=== DATA BELOW ===
= = =

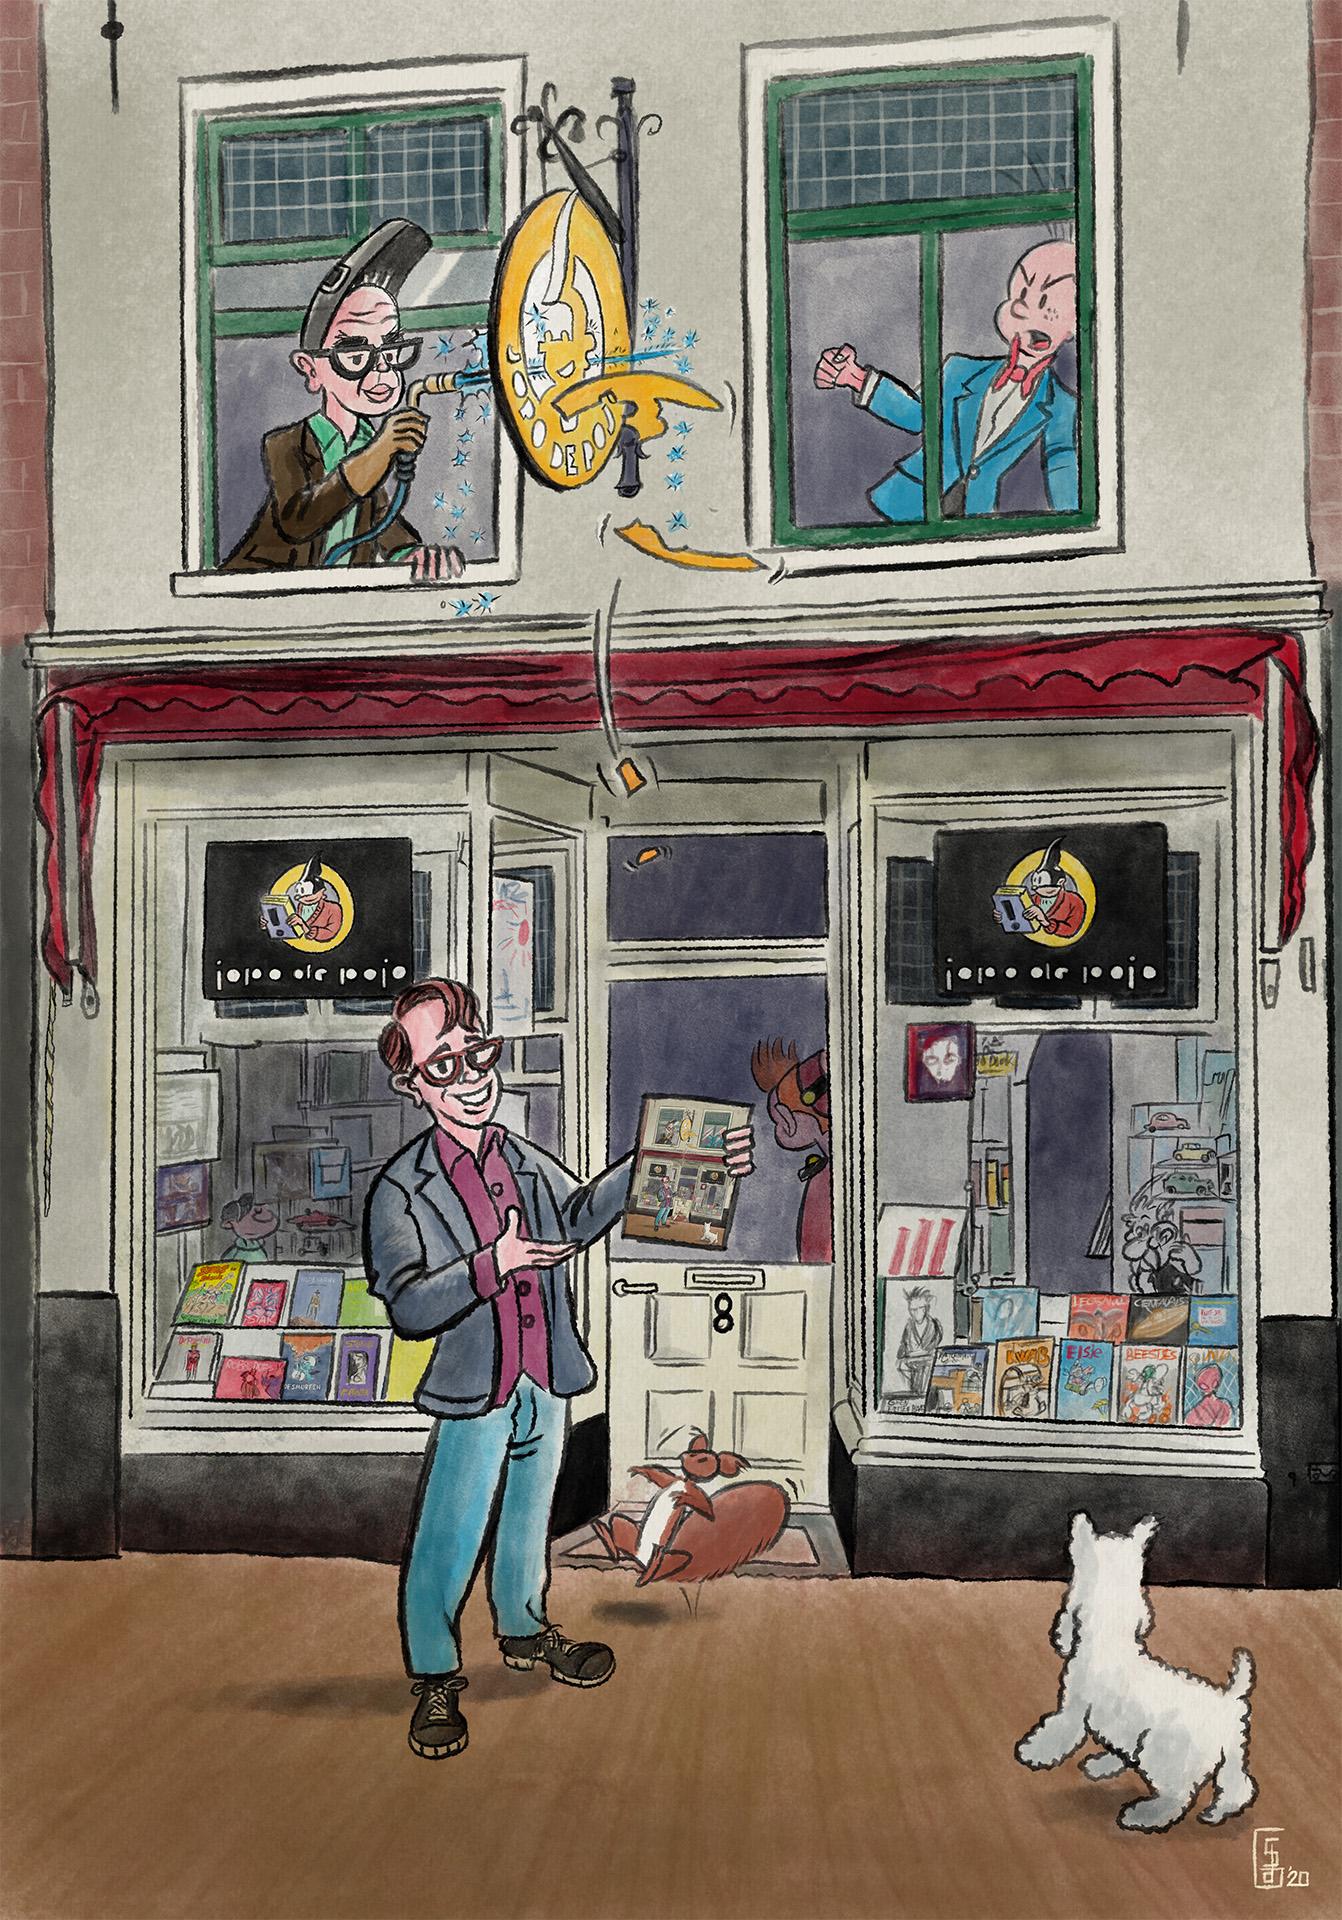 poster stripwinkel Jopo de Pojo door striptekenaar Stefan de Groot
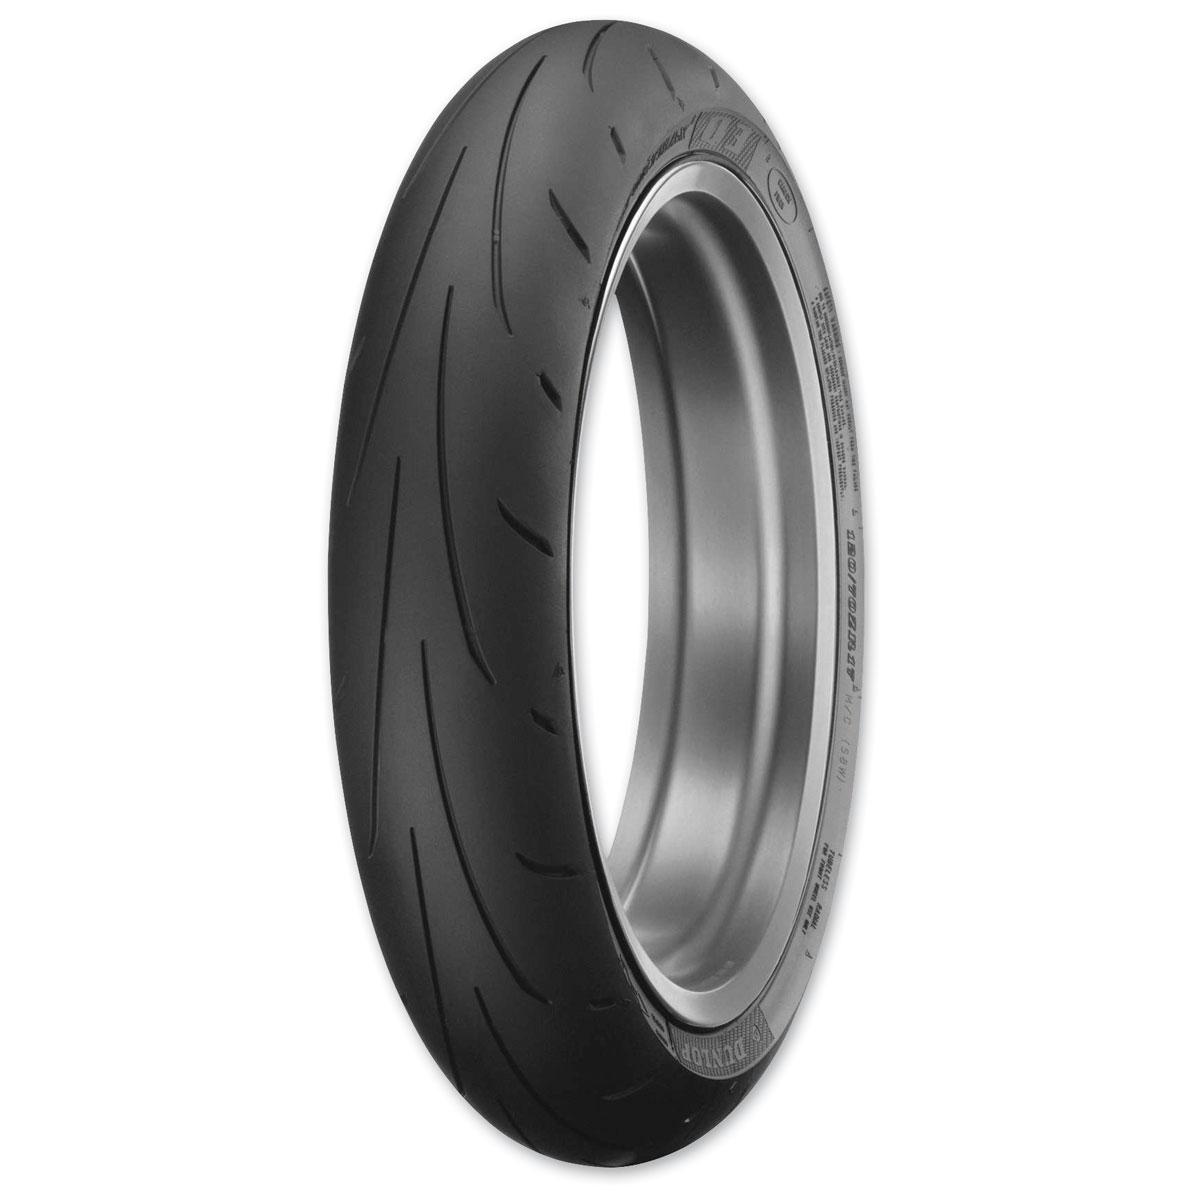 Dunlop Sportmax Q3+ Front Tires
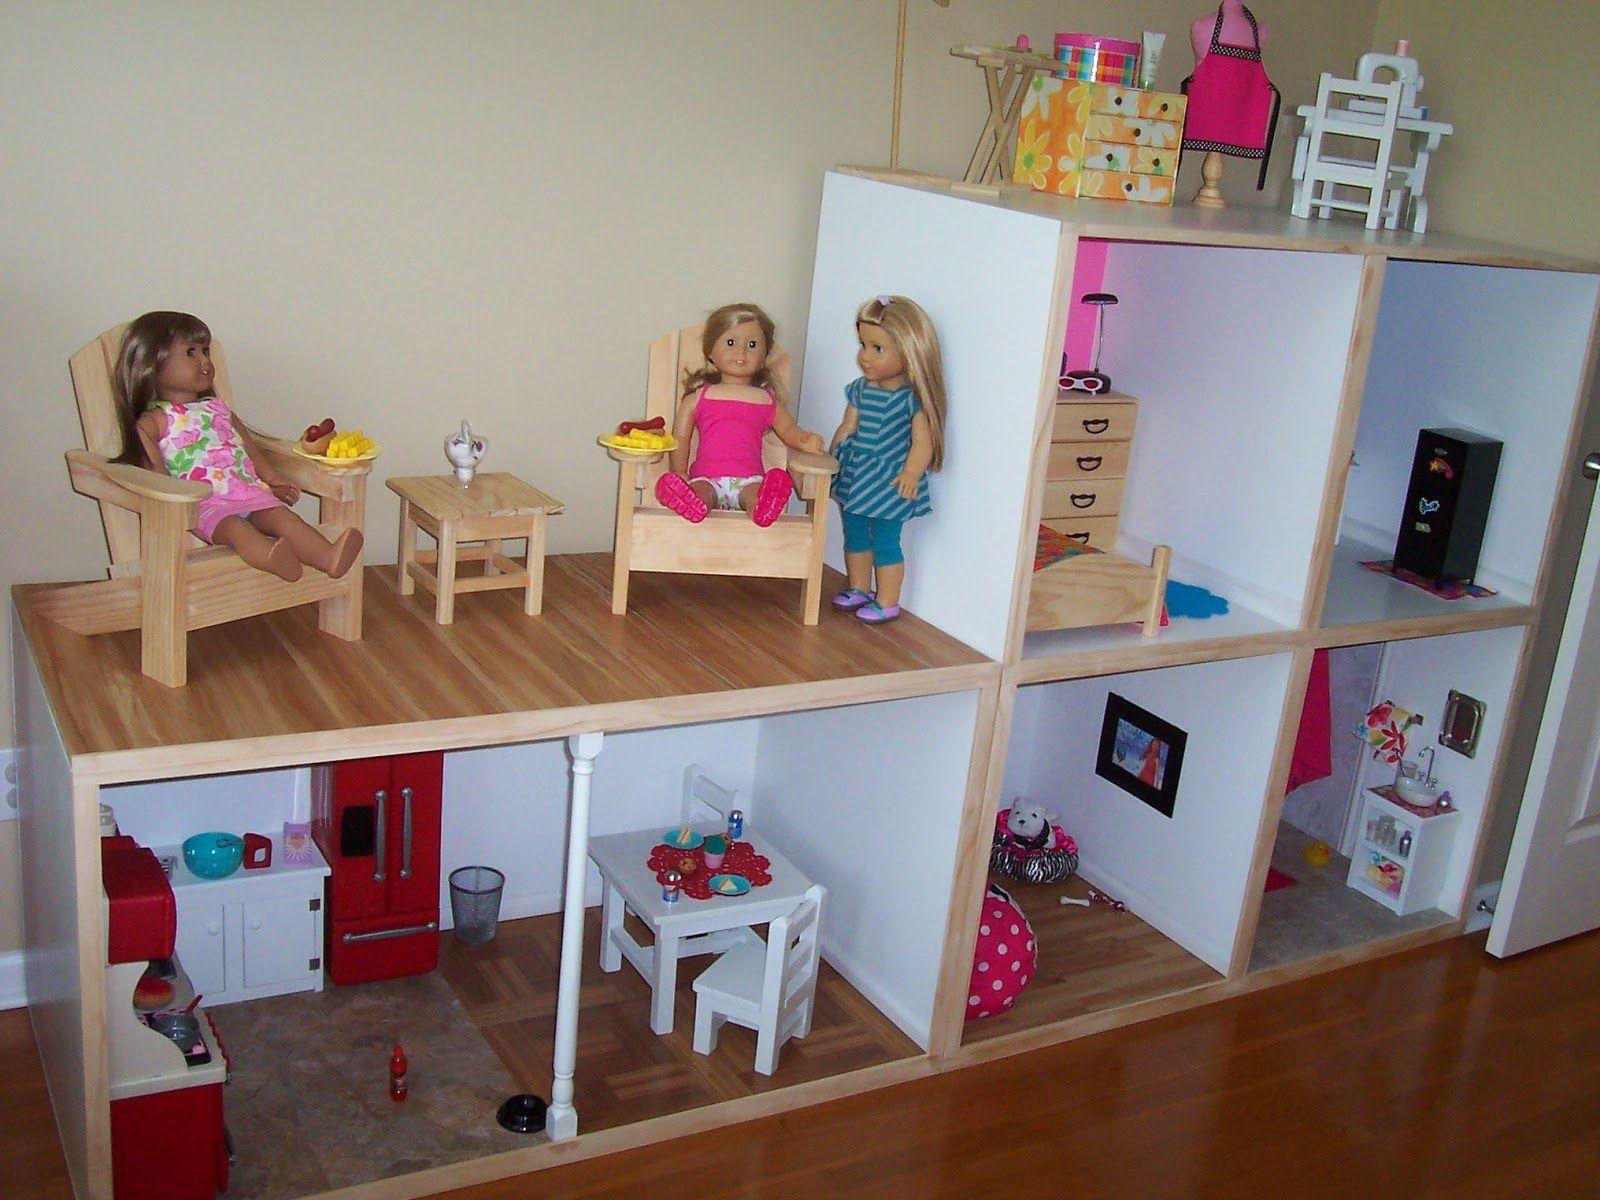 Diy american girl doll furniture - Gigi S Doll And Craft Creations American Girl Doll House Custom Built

= = =

=== TASK PROMPT ===
Reproduce the full listing faithfully, but do not carry over any pictures.

=== EXERCISE RESULT ===
 poster stripwinkel Jopo de Pojo door striptekenaar Stefan de Groot
 Dunlop Sportmax Q3+ Front Tires
 Diy american girl doll furniture - Gigi S Doll And Craft Creations American Girl Doll House Custom Built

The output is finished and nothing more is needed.